Detecting objects at very different scales is one of the long-standing problems in computer vision. Before FPN, four broad strategies dominated the literature, each with a clear weakness.
The first was the classic image pyramid, in which the input image is resized to several scales and the same network is run on each scale. Image pyramids produce features whose semantic strength is consistent across scales, but they multiply inference time by the number of scales and are too slow for real-time detection.
The second was running predictions on a single feature map at the top of the backbone, as in the original Faster R-CNN. This is fast but throws away the higher-resolution intermediate features needed to localize small objects.
The third strategy was the in-network pyramidal feature hierarchy, used by SSD (Single Shot MultiBox Detector).

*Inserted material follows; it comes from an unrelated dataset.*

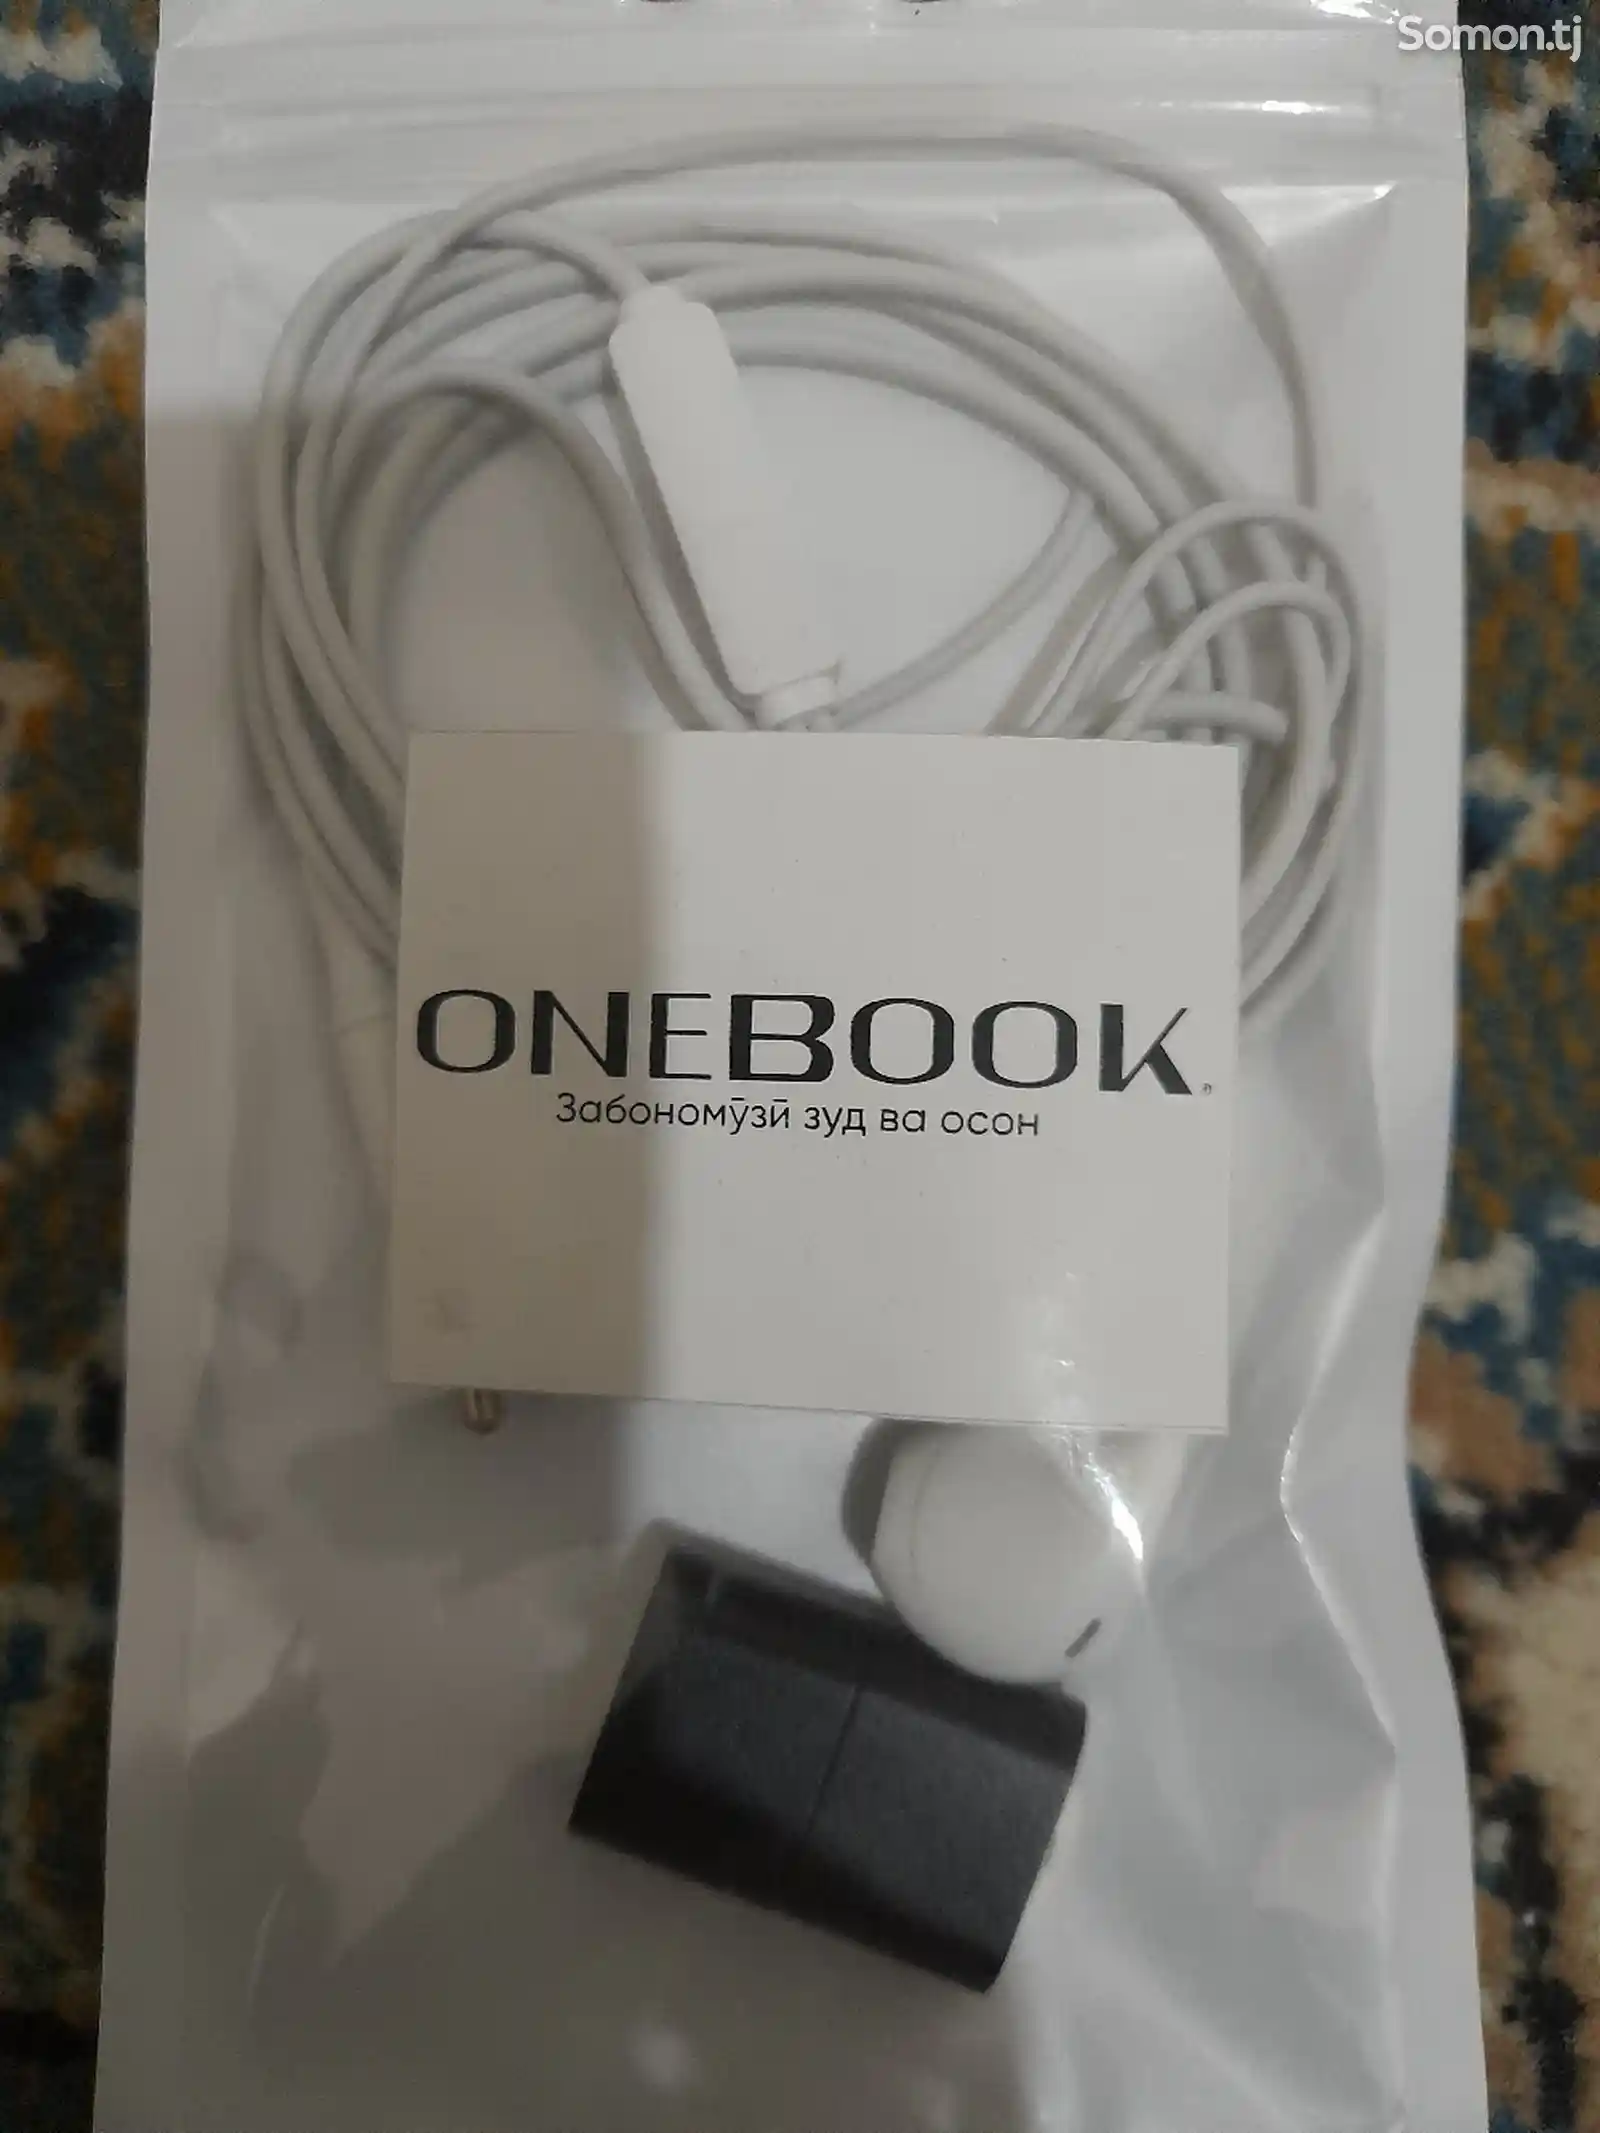 Книга Onebook-3

SSD predicts on multiple feature maps at different depths of the backbone. The problem is that shallow feature maps have high resolution but weak semantics, so small objects, which can only be detected from those shallow maps, are predicted from features that have not been sufficiently abstracted.
The fourth was the side-prediction approach used by networks like the Hypercolumn or Hyper-features designs, which combine features from many layers, but typically only at a single scale.

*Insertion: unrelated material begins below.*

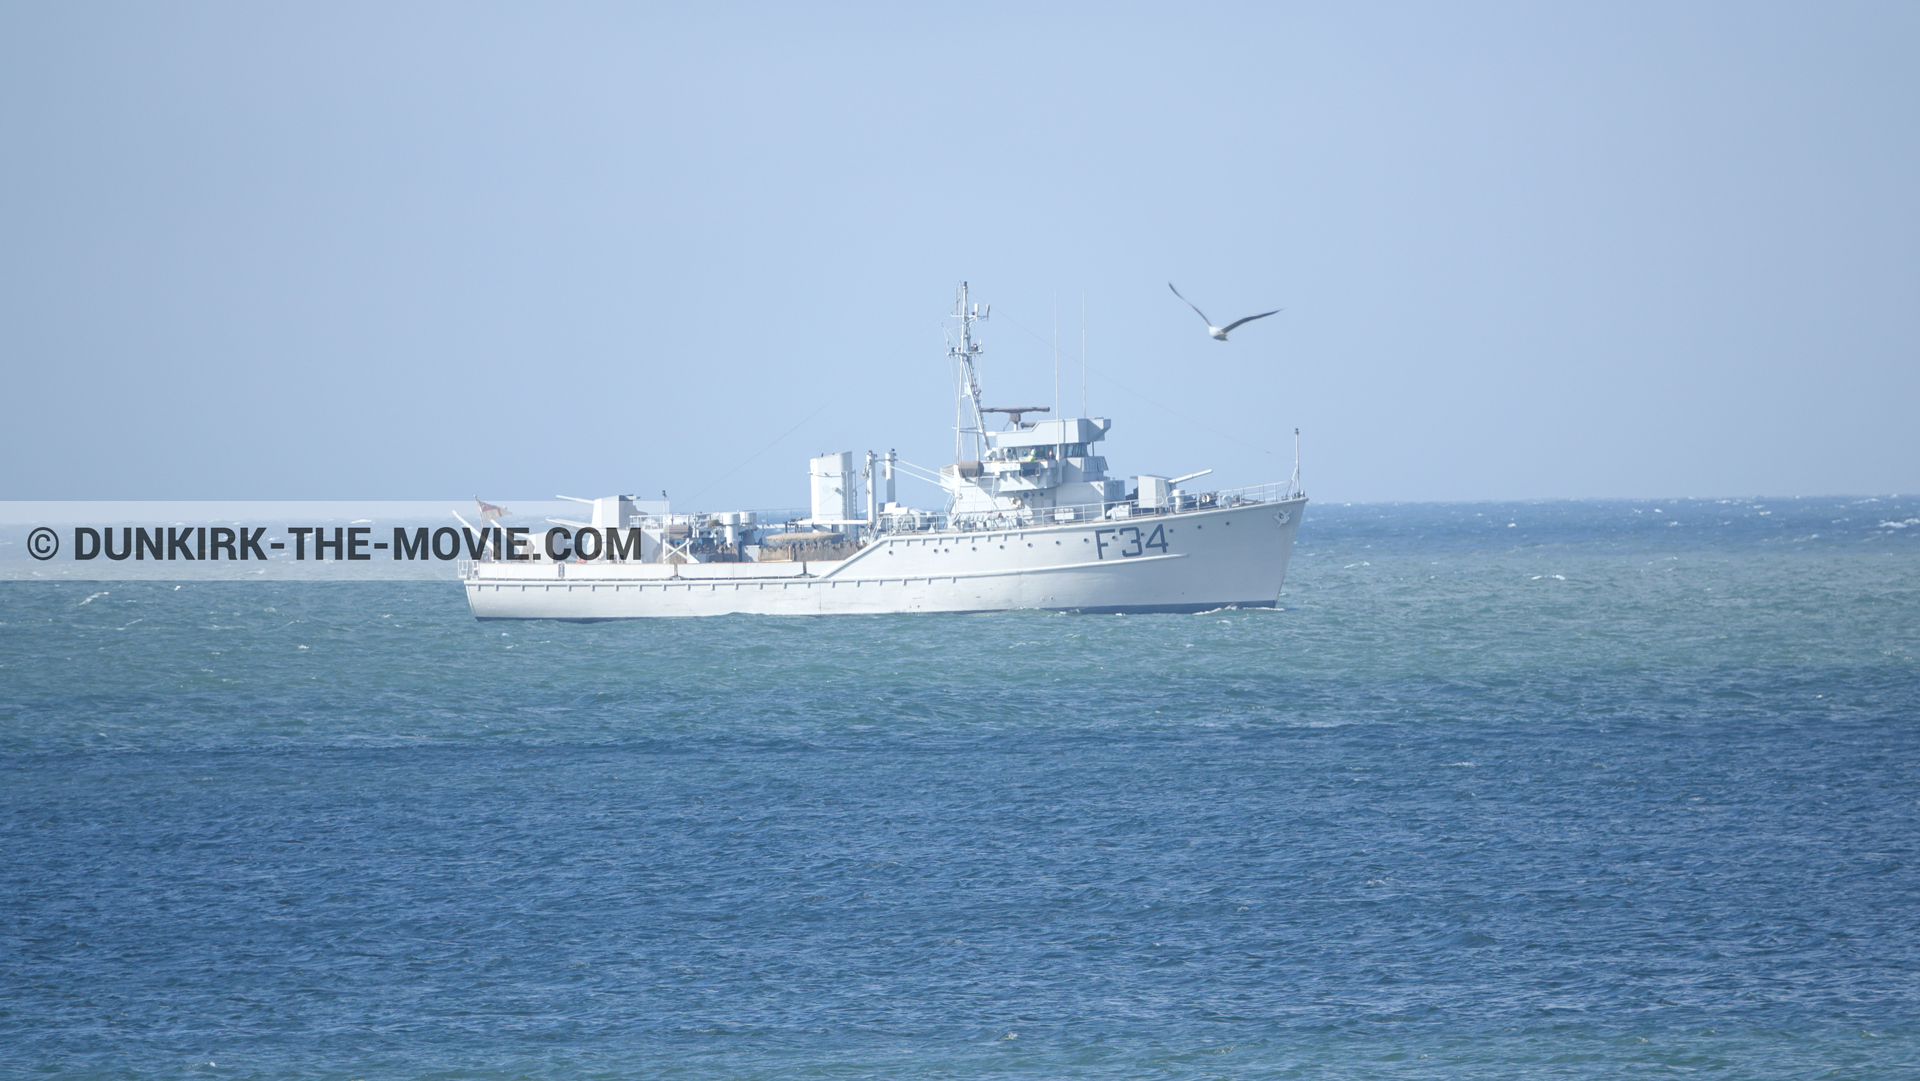 Fotos con cielo azul, F34 - Hr.Ms. Sittard, mares calma,  durante el rodaje de la película Dunkerque de Nolan

FPN is best understood as combining the resolution of an image pyramid with the semantic strength of a deep backbone, while retaining the speed of a single forward pass. The top-down pathway propagates strong semantics from the deepest layer back into the high-resolution maps, and the lateral connections re-inject precise spatial information lost during downsampling. The full feature pyramid is produced from one forward pass of the backbone.

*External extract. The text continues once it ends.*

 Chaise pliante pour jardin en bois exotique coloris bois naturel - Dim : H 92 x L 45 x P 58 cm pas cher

FPN attaches a top-down pathway with lateral connections to a standard convolutional backbone. The original paper used ResNet-50 and ResNet-101, but the design works with most modern convolutional neural networks.
The bottom-up pathway is the feed-forward computation of the backbone. For each ResNet stage, the output of the last residual block is taken as a reference feature map and labeled by stage. With a ResNet backbone the bottom-up pathway produces feature maps {C2, C3, C4, C5} corresponding to stages 2, 3, 4, and 5, with strides 4, 8, 16, and 32 pixels with respect to the input image. C1 is omitted because its spatial dimensions are too large to be practical given memory budgets.
The top-down pathway begins with the deepest feature map, C5, which has the smallest spatial resolution but the strongest semantics. A 1x1 convolutional layer is applied to C5 to project it to a fixed channel count (256 in the original paper), giving the top of the feature pyramid, P5. Higher-resolution levels are then constructed by upsampling P5 by a factor of two using nearest-neighbor interpolation and merging with the corresponding lateral feature map.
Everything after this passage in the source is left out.